Long Center’s Sound and Cinema event is a great way to explore Austin


I cycled down South 1st Street to the Long Center to see a show by a band called Darkbird before a performance of “Clueless” September 3. The next day my mother called me to ask me how it went.

Walk to the Long Center “Sound and cinema” the ticket office doors around 6:30 p.m., 30 minutes after the time the website announced the doors would open, I heard a couple momentarily bemoan their bad luck.

“If I had bought the tickets, you know, I would be more disappointed. But, since it’s free, I’m cool that we couldn’t get in, ”one said. They left.

“Why exactly was this couple turned away? I asked one of the people scanning the tickets under their tent box office. He explained that they had fired a lot of people, in fact, because they had not provided their proof of vaccination or the results of a negative PCR test in a physical copy. Some had pictures on their phones, others had nothing. All in all, I’m happy to have my vaccination card at all times crushed like a soggy cornflake in one of the folds of my wallet.

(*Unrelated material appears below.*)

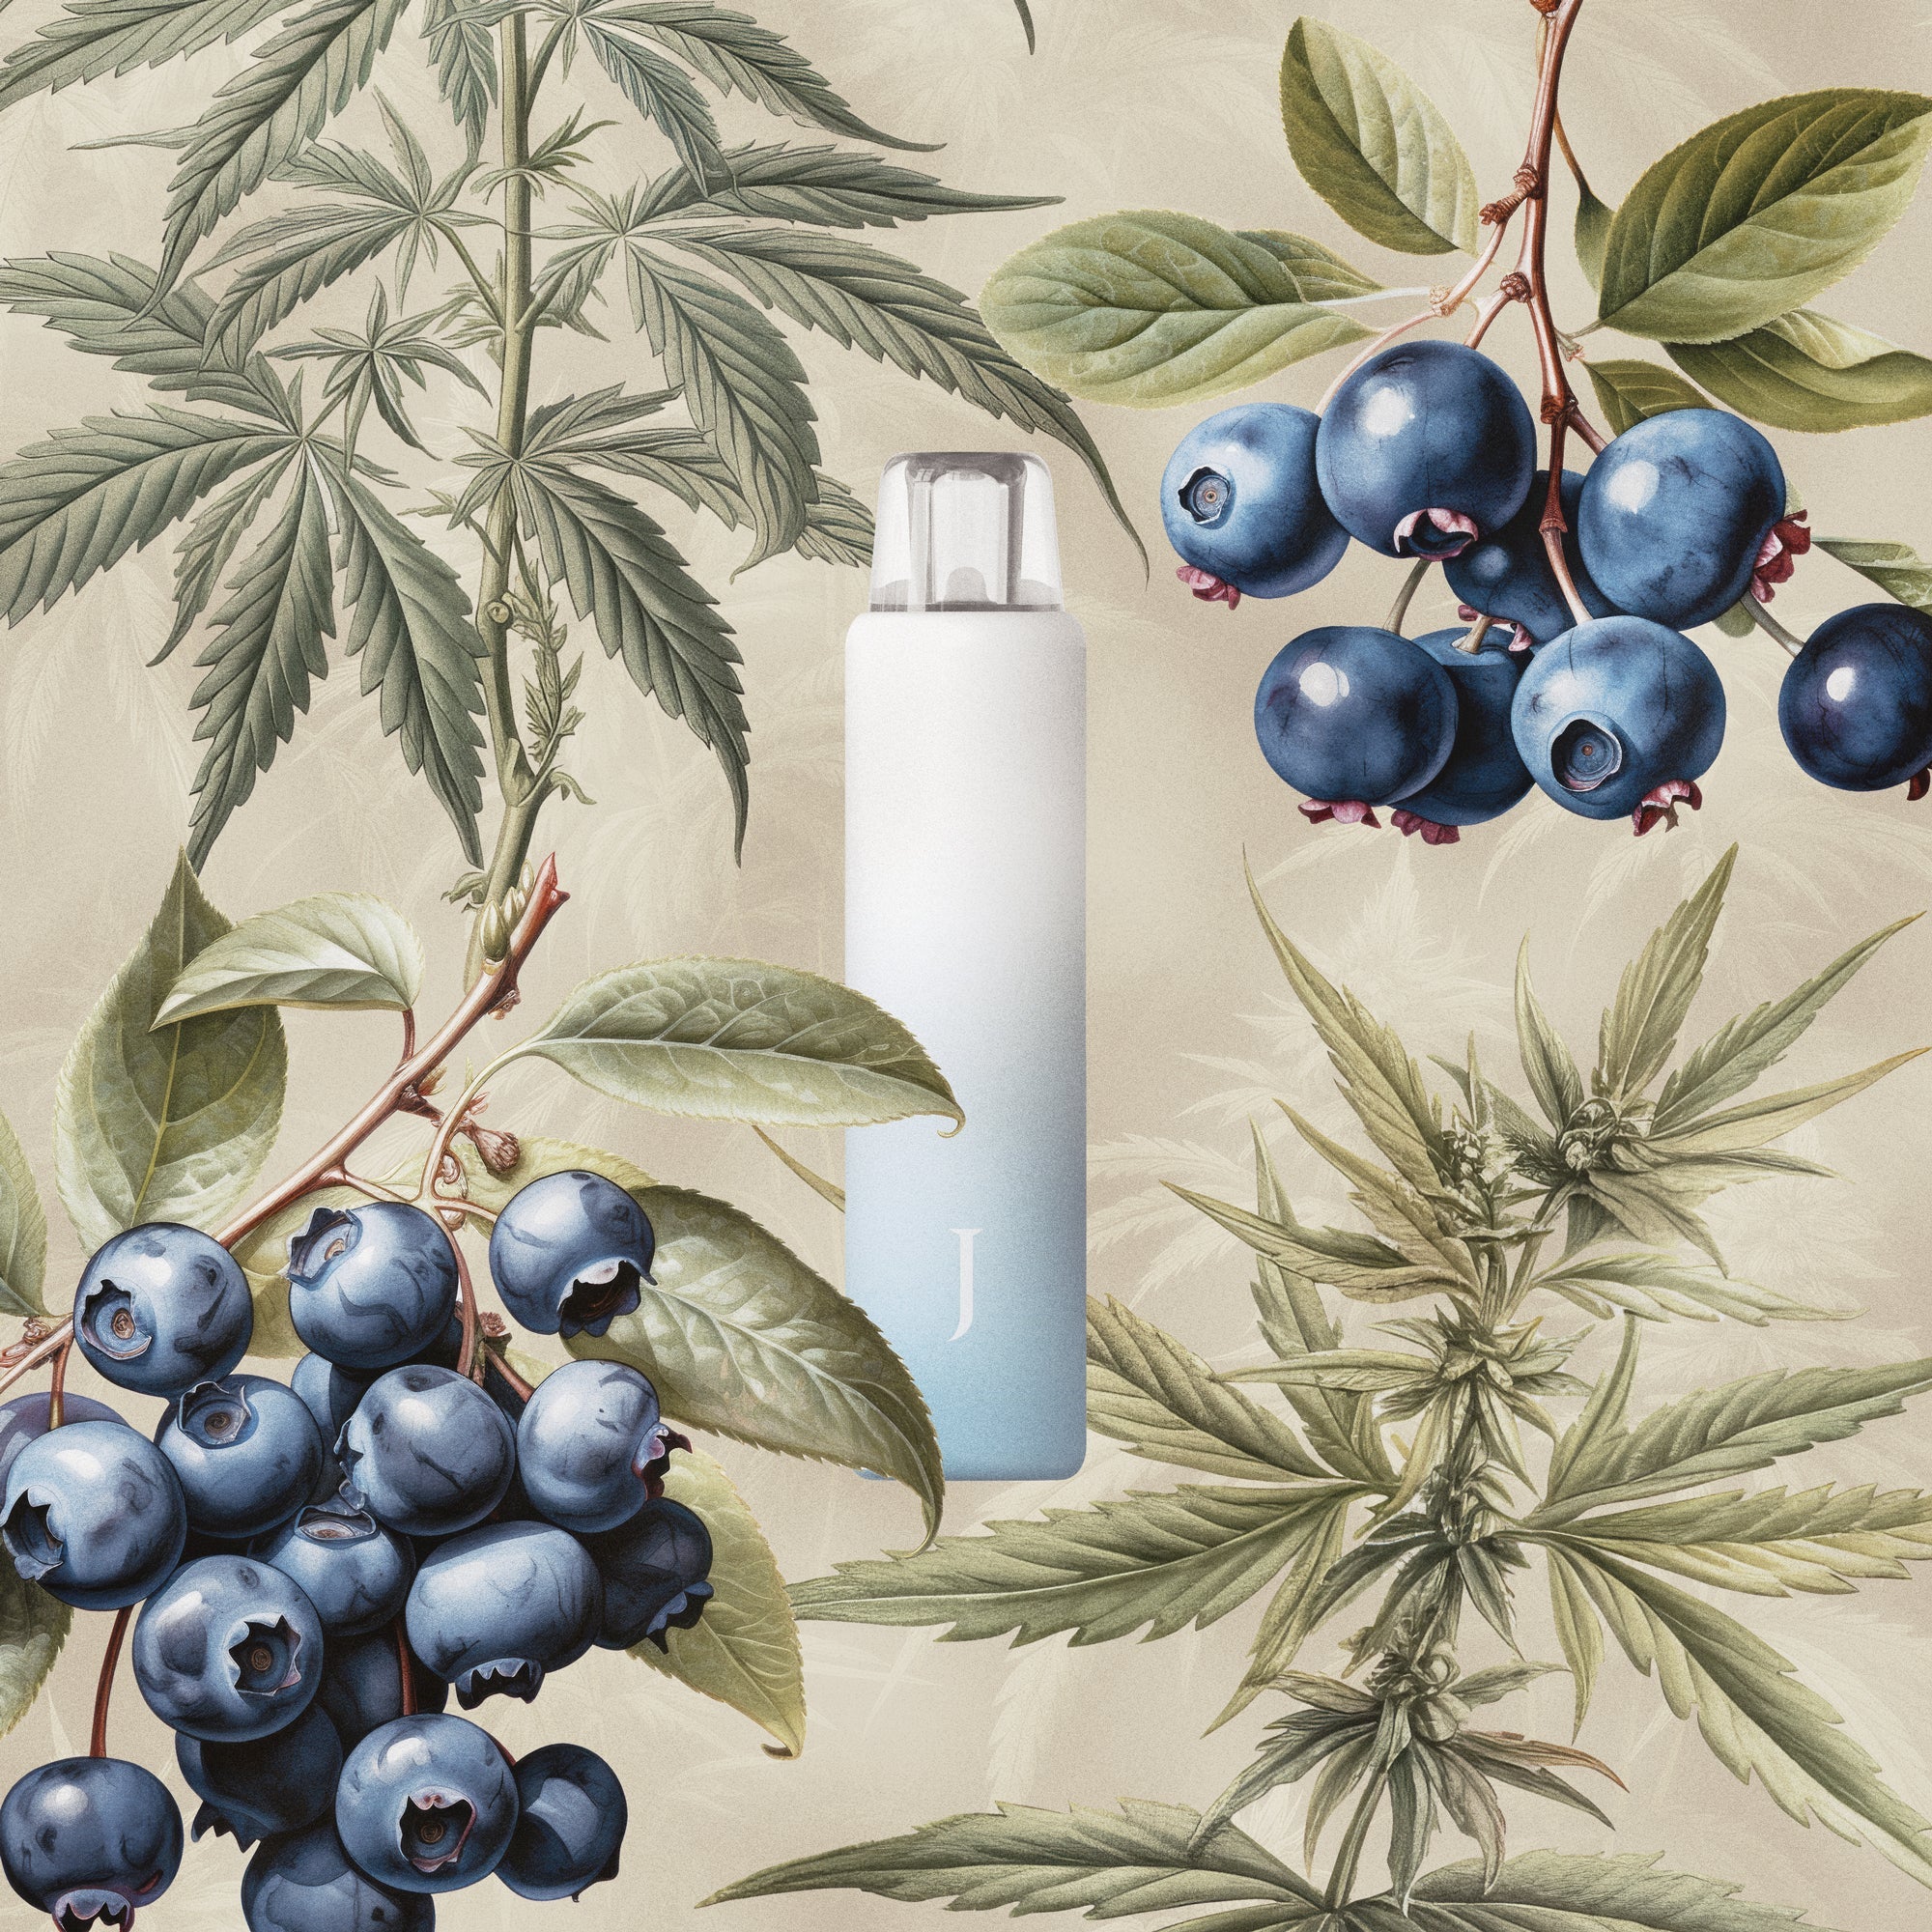 Juana All-in-One Cannabis Vape Pen with Marijuana Leaves and Blueberry Botanical Illustrations

Past the ticket booth and up the stairs to the oddly (event relevant) HEB branded outside deck, I saw the food trucks that Instagram of Do512 vaunted account, which were opposite. I looked for something to eat. Amy’s Ice Cream… not now. Southside Flying Pizza… hmm. I couldn’t find the mentioned barbecue place on the list, so my hunger found some chicken shawarma and fries from Shawarma Point. Temporarily (silently) disappointed with the lack of options, I hopped a squat near the back of the Hartman concert lawn, against the bridge, to eat.

I sat in silence for a little while as my attention shifted from the birds flying across the under construction section of the skyline from Austin to the Spikeballers, with snot trickling down my philtrum, the spicy retaliation to which I should face the next morning. The silence turned into covers and originals of black bird, an Austin-based band with the ethereal brand that I noted seemed genuinely hot. “We’re going to be so big,” the singer endearingly announced later after the show. All the while, moms would get up from lawn chairs or blankets and sway to the beat with their kids dancing in one arm, their drinks dangling and sweating in the unoccupied hand.

The sun moved west along the Colorado River as Darkbird’s sunset drew to a close. A pleasant gust of wind guided a welcoming compliment on my way.

“Nice shirt,” one woman told me.

I thanked her and mentioned that I was at the event with the school newspaper and apprehensively looking for people to interview. She graciously sat down next to me and we continued to talk as the musical part of the evening drew to a close. She was with her family, like many other event attendees, and told me that she had recently returned to Austin after living in Lafayette, LA for several years. She looked happy to be back, adding that Austin had changed a lot since his last visit. I briefly looked over my shoulder at the still developing horizon. I told him that it hadn’t been long since my only semester in Austin, only a summer, but life alone in the city still seemed unfamiliar and scary at times.

She encouraged me, motioned for me to look around at the people present, assured me that all these people were nice and would answer all my questions; that the city is filled with people like that. “Distraught” started shortly after our conversation ended, and I spent the rest of my night among the crowd of pleasant strangers. As I watched Cher realize that she was in love with her stepbrother, I realized that I might also be discovering a strange love in my own life: a love for the unknown and the scary.

If you don’t know where to start exploring in Austin like me, start by inviting whoever you want to the sound and movies at the Long Center on a September night. Even though the event is still in beta stage due to the COVID-19 delta variant concerns, it’s an easy trip from anywhere in Austin. And if you remember a physical copy of a vaccination card or negative PCR test, the place is “free” – “cold” like the evening breeze off the river.